This is the 13th day of my participation in the November Gwen Challenge. Check out the event details: The last Gwen Challenge 2021

If we can ensure that the database, a citizen corresponds to only one ID number, and the ID number is unique, then if we ask to check the name according to the ID number, as shown in the following SQL:

select * from User where id_card = 'xxxxxxxxxxxxxxxxxxxxxxxxx'
Copy the code

Normally, we would definitely add an index to id_card, but the id number field is too large to be used as the primary key, so should we choose to use it as a unique index or a normal index?

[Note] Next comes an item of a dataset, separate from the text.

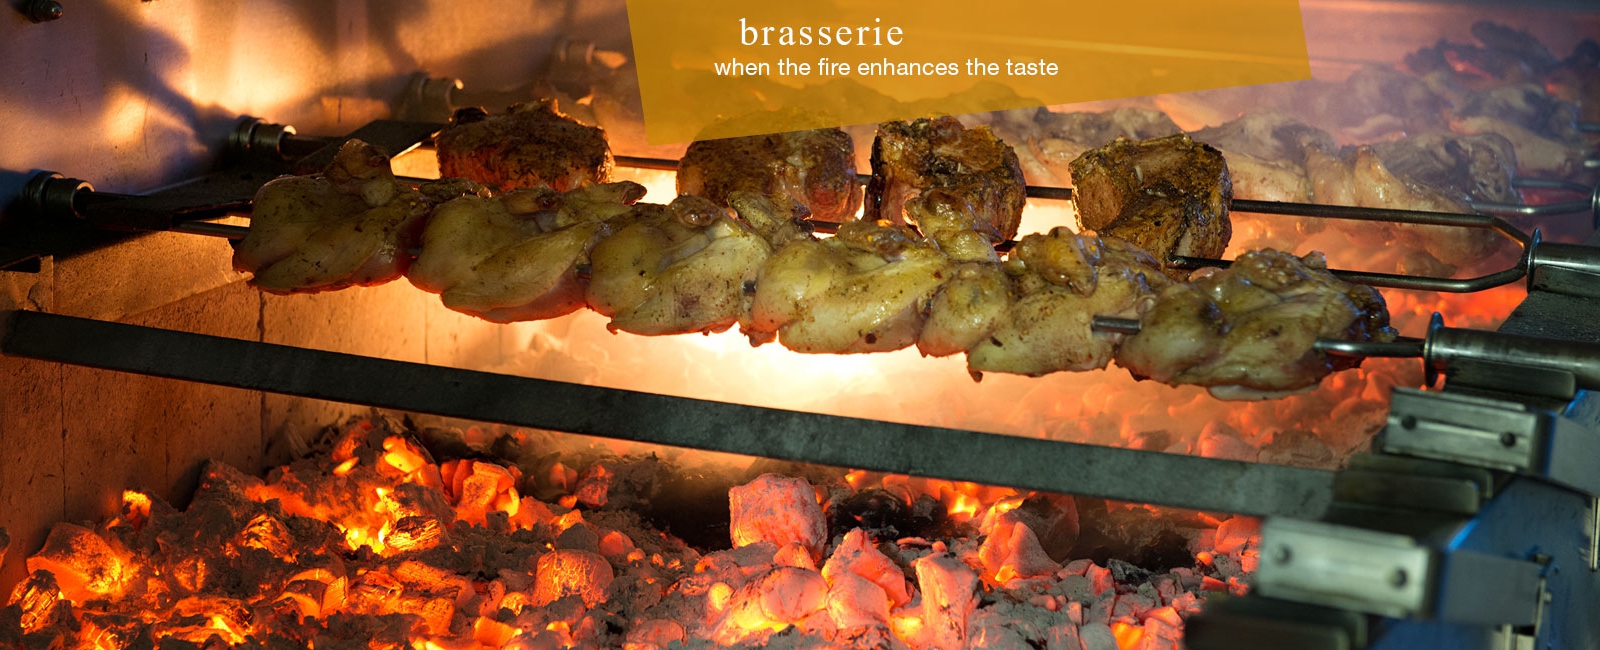 <div>Brasserie<br /> when the fire enhances the taste</div>

We analyze the performance impact of normal and unique indexes on query and update operations.

What’s the difference between a normal index and a unique index?

Create index statement differences

1.1 Common Indexes

LTER TABLE `test` ;
ADD INDEX `k_title` (`title`) USING BTREE ;
Copy the code

1.2 Unique Index

LTER TABLE `test` ;
ADD UNIQUE INDEX `un_index_title` (`title`) USING BTREE ;
Copy the code

Here we introduce using btree

  • B-tree stores data in a B+ TREE structure, greatly speeding up data query
  • B-tree indexes are better suited for range lookup SQL statements (sequential storage)

B-tree Index usage scenario

  • SQL where act_id= ‘1111_act’

  • For example, idx_actid_name(act_id,act_name) USING BTREE is used as long as the first column of the union index is used. But if the query uses the second column of the union index, act_name, then the SQL cannot use the union index.

  • Where act_name like ’11_act%’

  • SQL queries that match range values, such as where act_date > ‘9865123547215’ (not in and <> cannot use indexes)

Two. Query process

Assume that the statement executing the query is SELECT ID from T where k=5. K is the index field of table T and ID is the primary key of table T. The query looks up the index tree by starting at the root of the B+ tree, searching down the layers to the leaf node, and then, you can think of the data page itself as being positioned by dichotomy. As shown below:

For a normal index, after finding the first record that meets the condition (5,500), the next record is searched until the first record that does not meet the condition k=5 is encountered.

For unique indexes, since the index defines uniqueness, the search stops after the first record that meets the condition is found.

But the performance difference between the two is almost the same.

InnoDB engine reads and writes on a page basis. When a record needs to be read, it is not read from disk, but read into memory on a page basis. Each page size is 16KB. So when a normal index looks for data with k = 5, it has already read all of its data pages into memory, so it only needs to look once to determine the next record. But if k=5 is the last digit on the page, then the next digit is on another page, but it’s still very cheap.

3. Update process

When a data page needs to be updated, it is updated if it is already in memory. If not, InnoDB caches the update operation in Change Buffer. The next time InnoDB needs to access the data page, it reads the data page into memory and performs the change buffer operation related to the page.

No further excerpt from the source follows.